Steven Sinofsky recently tweeted out this thread where he talks about the virtues of writing in business. His argument: writing is thinking.
Writing is difficult. It takes a lot of time. I’ve been writing posts – albeit short ones – on this blog every day for almost 5 years and I can tell you that somedays it is downright painful. Somedays I ask myself: Would I be better served spending this time elsewhere?
It’s much easier to talk, throw down bullet points on a slide, or send out pithy emails. And because, today, we’re all so focused on “agility” and “execution”, it is easy to dismiss writing as being slow and cumbersome.
But the act of writing is indeed thinking. To write about something you have to wade into the details and actually understand what you’re talking about. It’s far more nuanced.

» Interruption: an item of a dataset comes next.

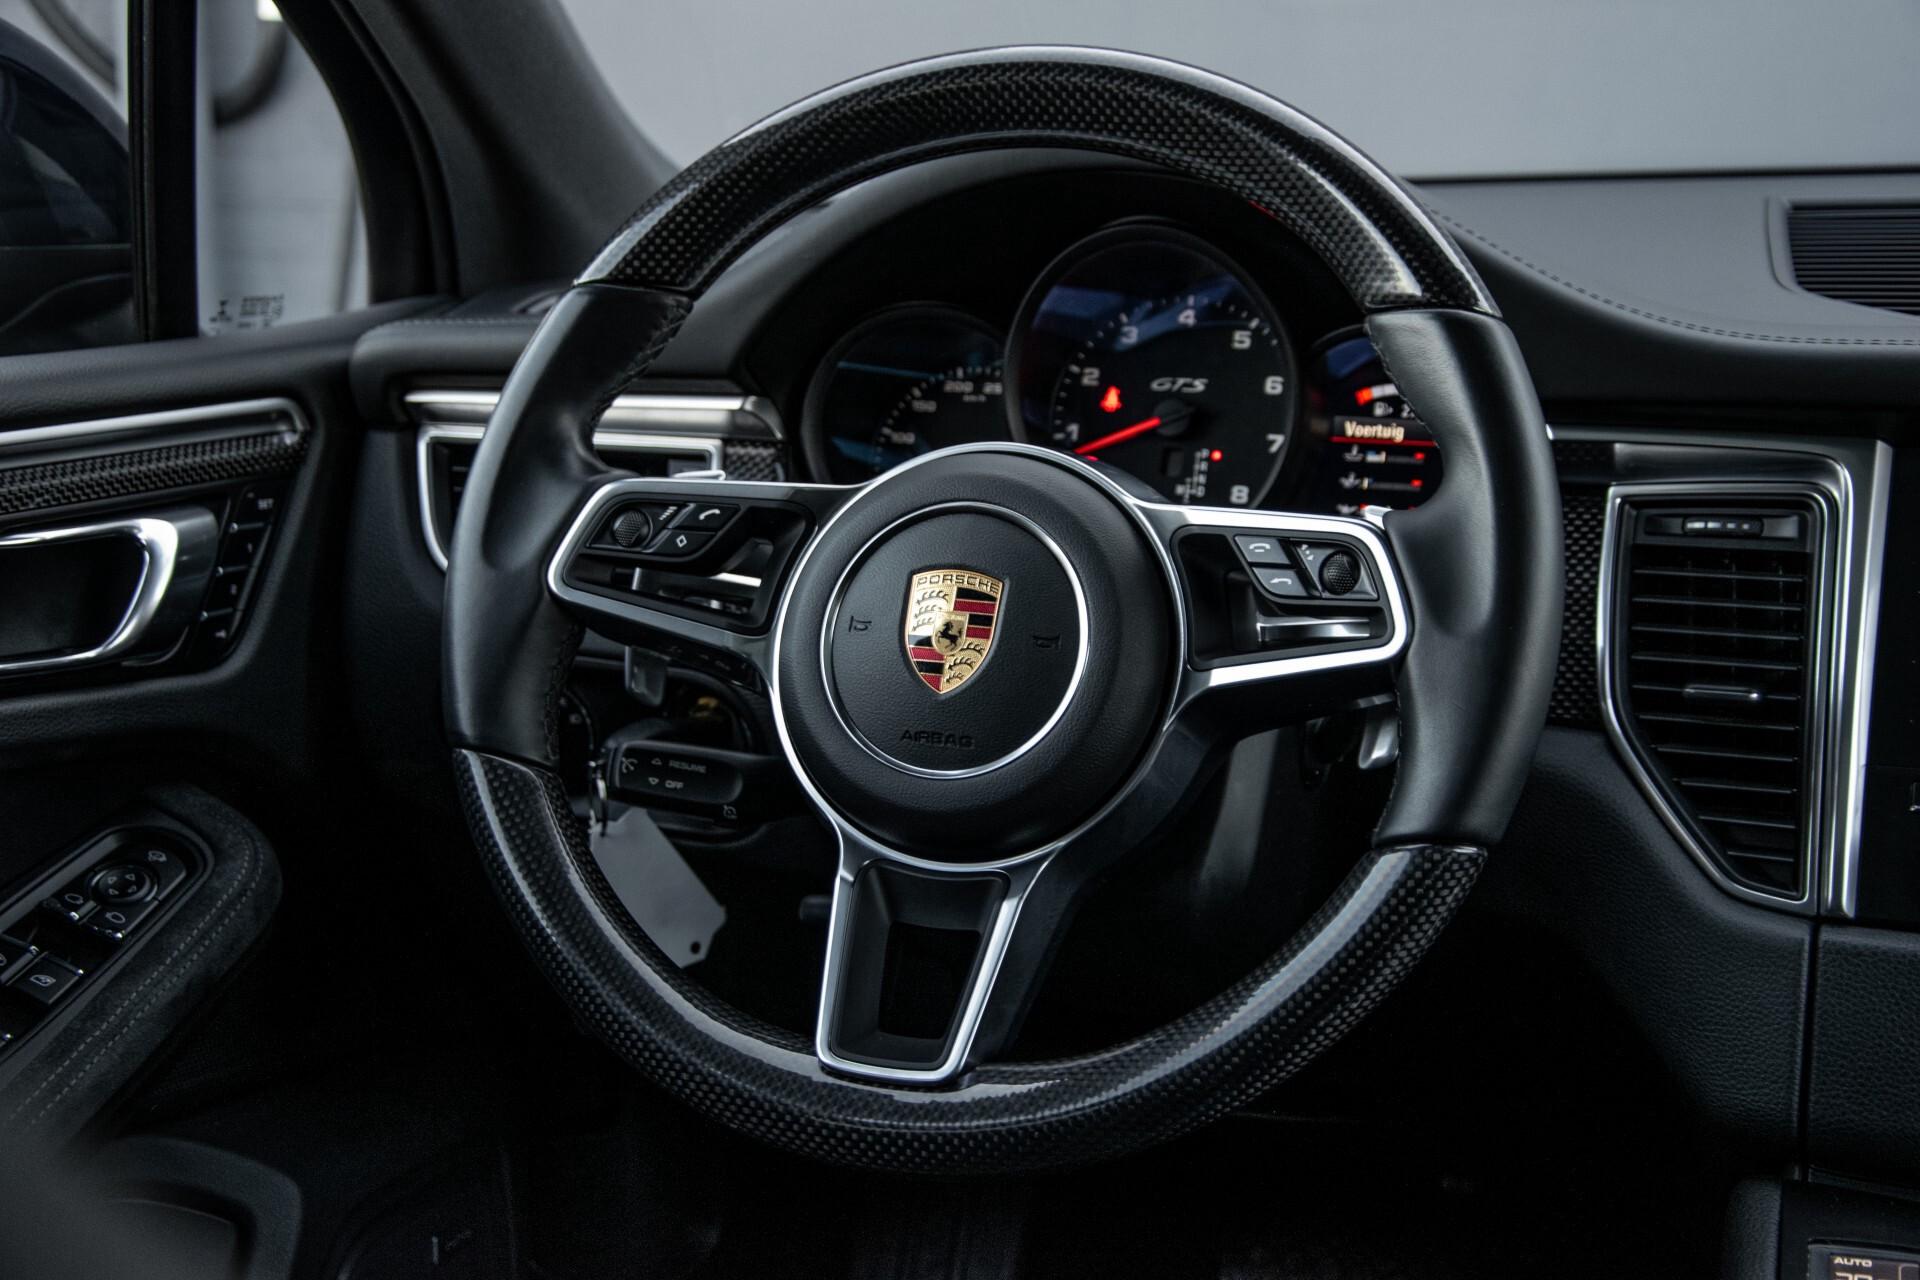 Porsche Macan 3.0 GTS Luchtvering/Panorama/Carbon/Bose/360-camera/Memory/PDLS Aut7 Foto 9

One of Sinofsky’s arguments is that “execution is in a constant state of diverging as more expertise deals with more details that fewer people understand.” Business becomes “I just know.” Writing can fill in those missing parts.
He goes on to argue that agility is also not mutually exclusive with writing. In fact, when you write, clarify, and collaborate early on, overall execution speeds up because now people get the details and better understand the context.
I’ve mentioned this before on the blog, but my Grade 4 English teacher used to make us write a daily journal. He would tell us that it didn’t matter what we wrote or how long it was, but we had to write something every day.
I did it and I enjoyed keeping those journals, but at the time I didn’t really appreciate was he was trying to get us to do. I do now.